These wireless or mobile networks are searching for significant gains in terms of capacity, reliability, consumption and the like. Unlike in a landline network, the transmission channel of a wireless network or mobile network is reputed to be difficult and leads to relatively mediocre reliability of transmission. Major progress has been made in recent years in the field of encoding and modulation, especially as regards consumption and capacity. Indeed, in a wireless network where several transmitters/receivers share the same resources (of time, frequency and space), the sending power must be reduced to the utmost.
To make communications reliable, the technique generally used is the ARQ (Automatic Request for Repetition) technique wherein the information is re-transmitted if the receiver detects a presence of errors. This technique calls for error-detection mechanisms and a channel dedicated to signaling. Its main defect is that it increases the transmission time and therefore has little compatibility with real-time applications (telephony for example). Furthermore, new emerging applications such as sensor networks or also the broadcasting of television signals to mobile units are subject towards constraints of complexity and/or consumption that are incompatible with these solutions.
A second and more recent approach relies on relays to improve transmission efficiency. The relay can either “decode and forward” the stream or “amplify and forward” the received signal.

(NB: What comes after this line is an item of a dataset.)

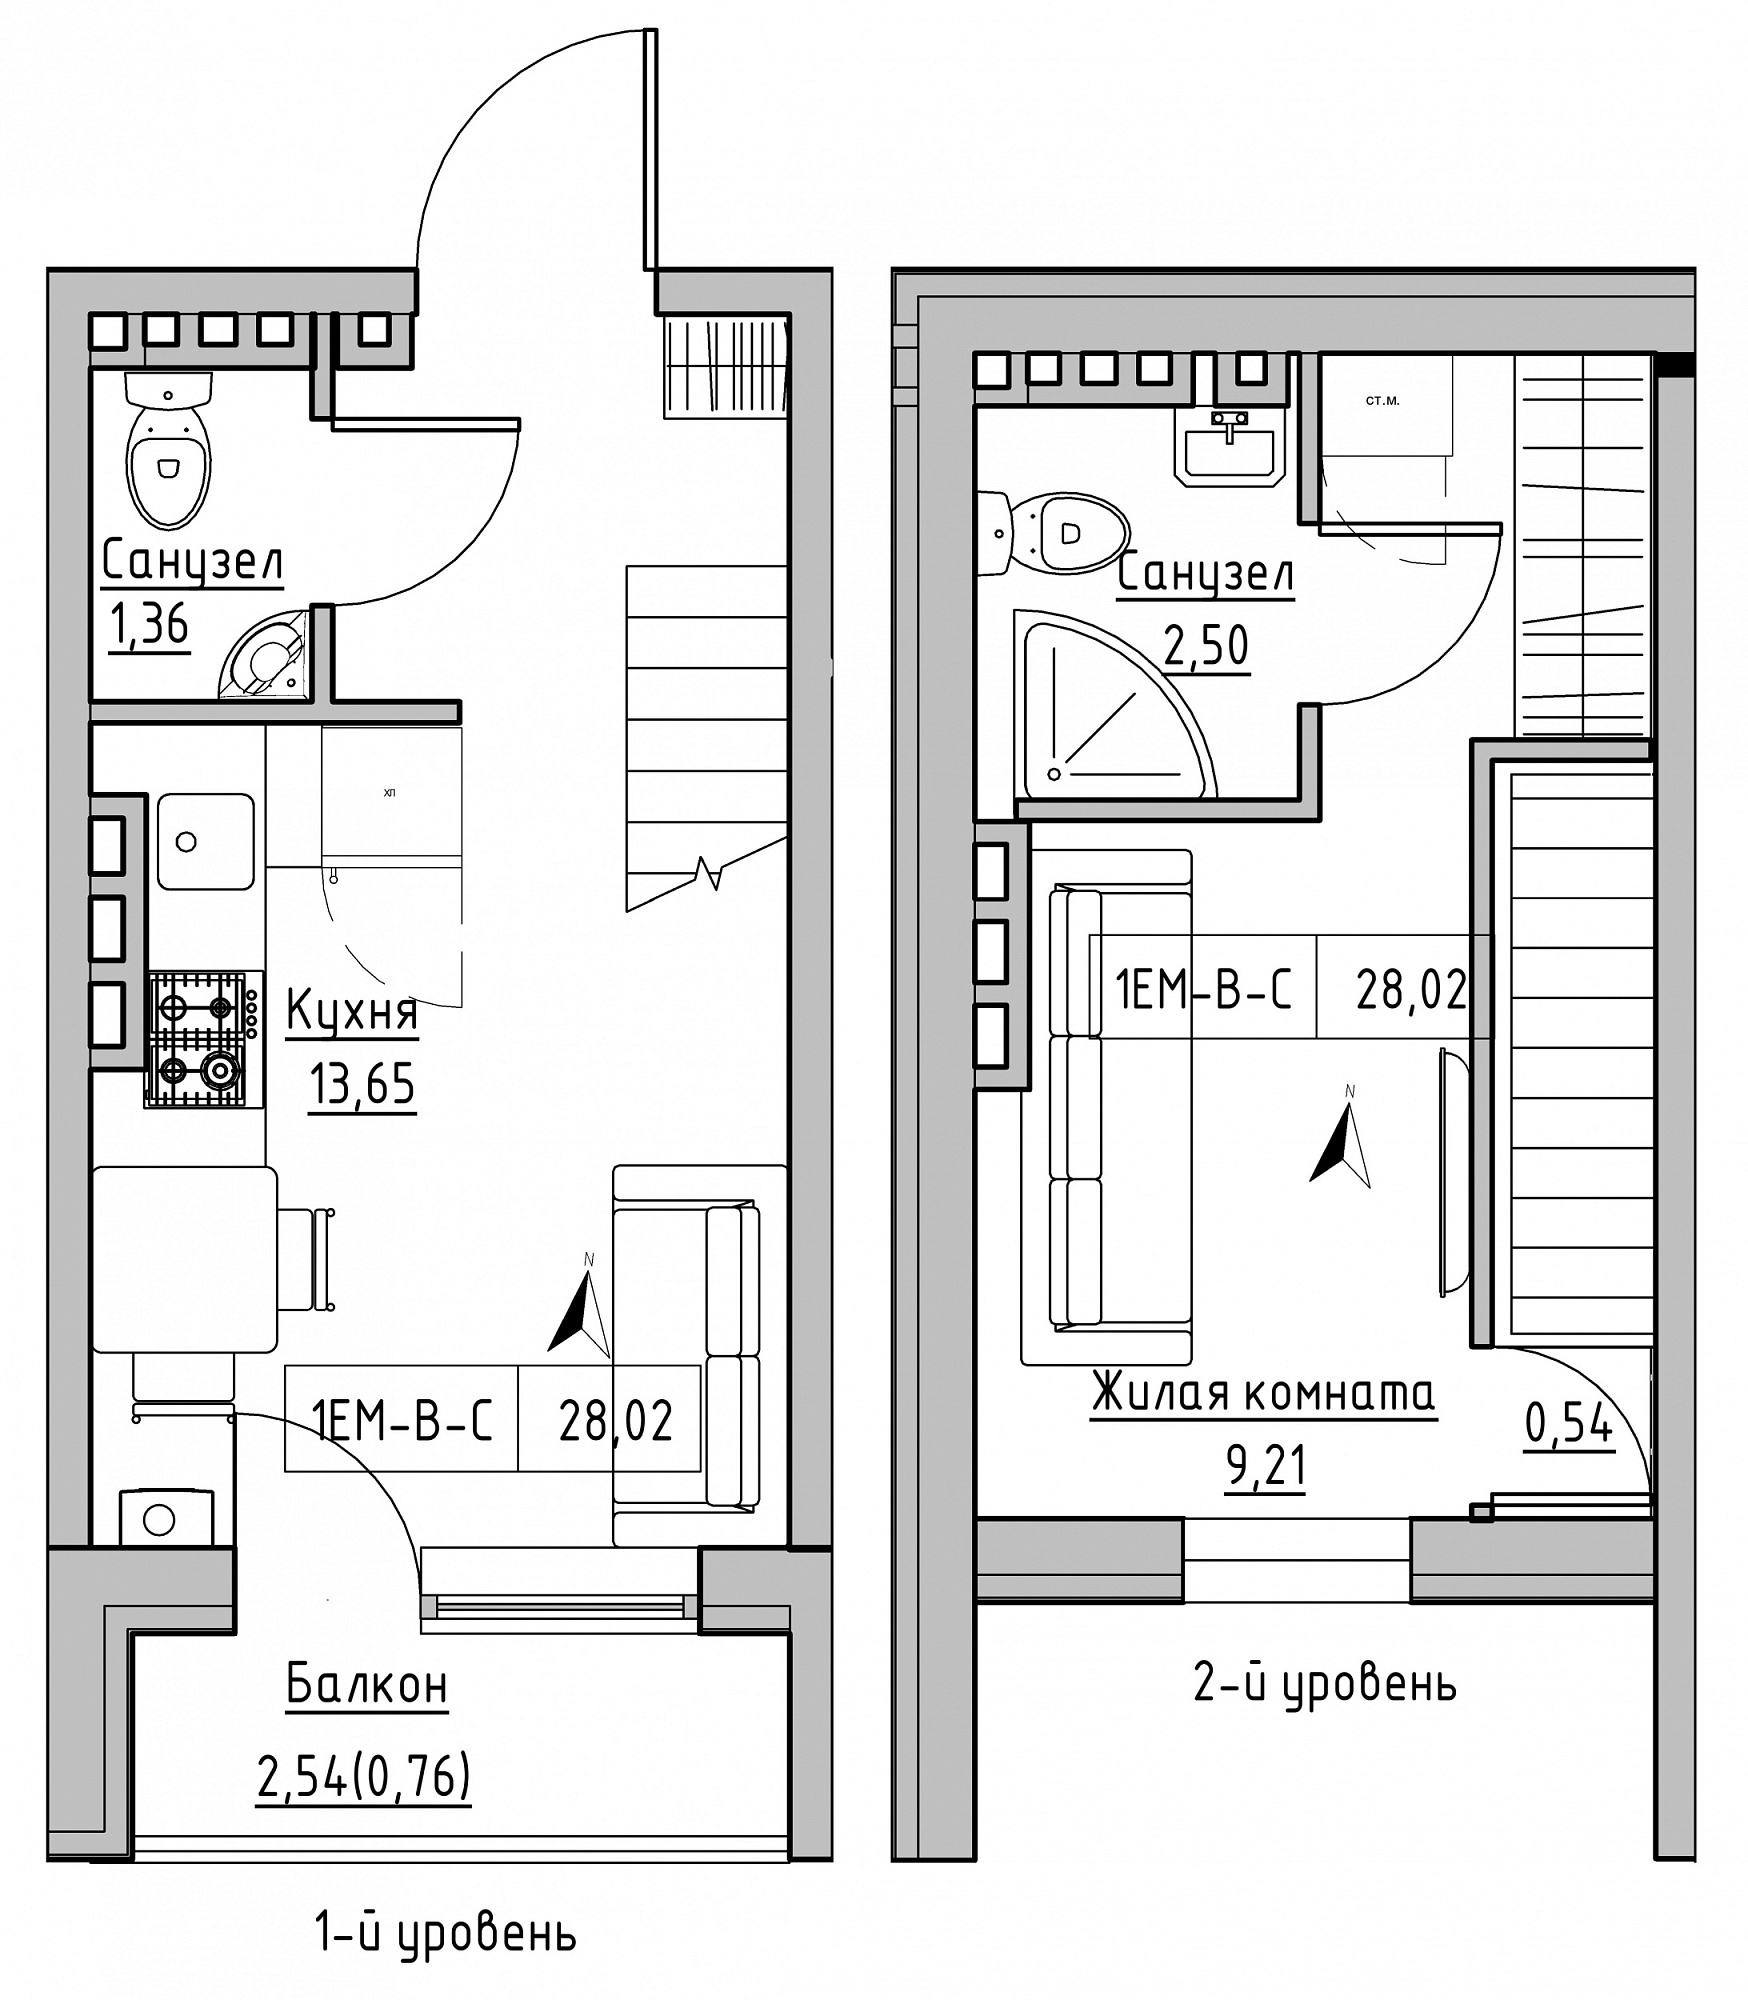 Планировка 2-x уровневая площей 28.02м2, KS-024-05/0006.

Finally, it has been proposed to combine this technique of relays with the technique known as “network coding”. This approach is described for example by S. Yang and R. Koetter, “Network Coding over a Noisy Relay: a Belief Propagation Approach,” in Proc. IEEE ISIT '07, Nice, France, June 2007.). The relay decodes the two received code words sent respectively by two sources, and then computes and transmits the log-likelihood ratio (LLR) of the bit-by-bit sum modulo 2 of the two code words. Thus, the receiver has three observations available: the two sources and the LLR. This solution has several defects: it is highly sensitive to errors in the relay and above all the analog value of the LLR must be transmitted with sufficient precision (four bits at least) between the relay and the receiver for each bit of the stream sent by the sources, and this is to the detriment of the capacity of the network. A similar approach is proposed by S. Zhang, Y. Zhu, S.-C. Liew, and K. Ben Letaief, “Joint Design of Network Coding and Channel Decoding for Wireless Networks” in Proc. IEEE WCNC '07, pp. 779-784, 11-15 Mar. 2007). However, the authors have studied the reduction of complexity in the relay without touching on the decoding in the receiver.
In these different cases, the decoding is difficult and there is no simple and efficient solution for processing in the receivers.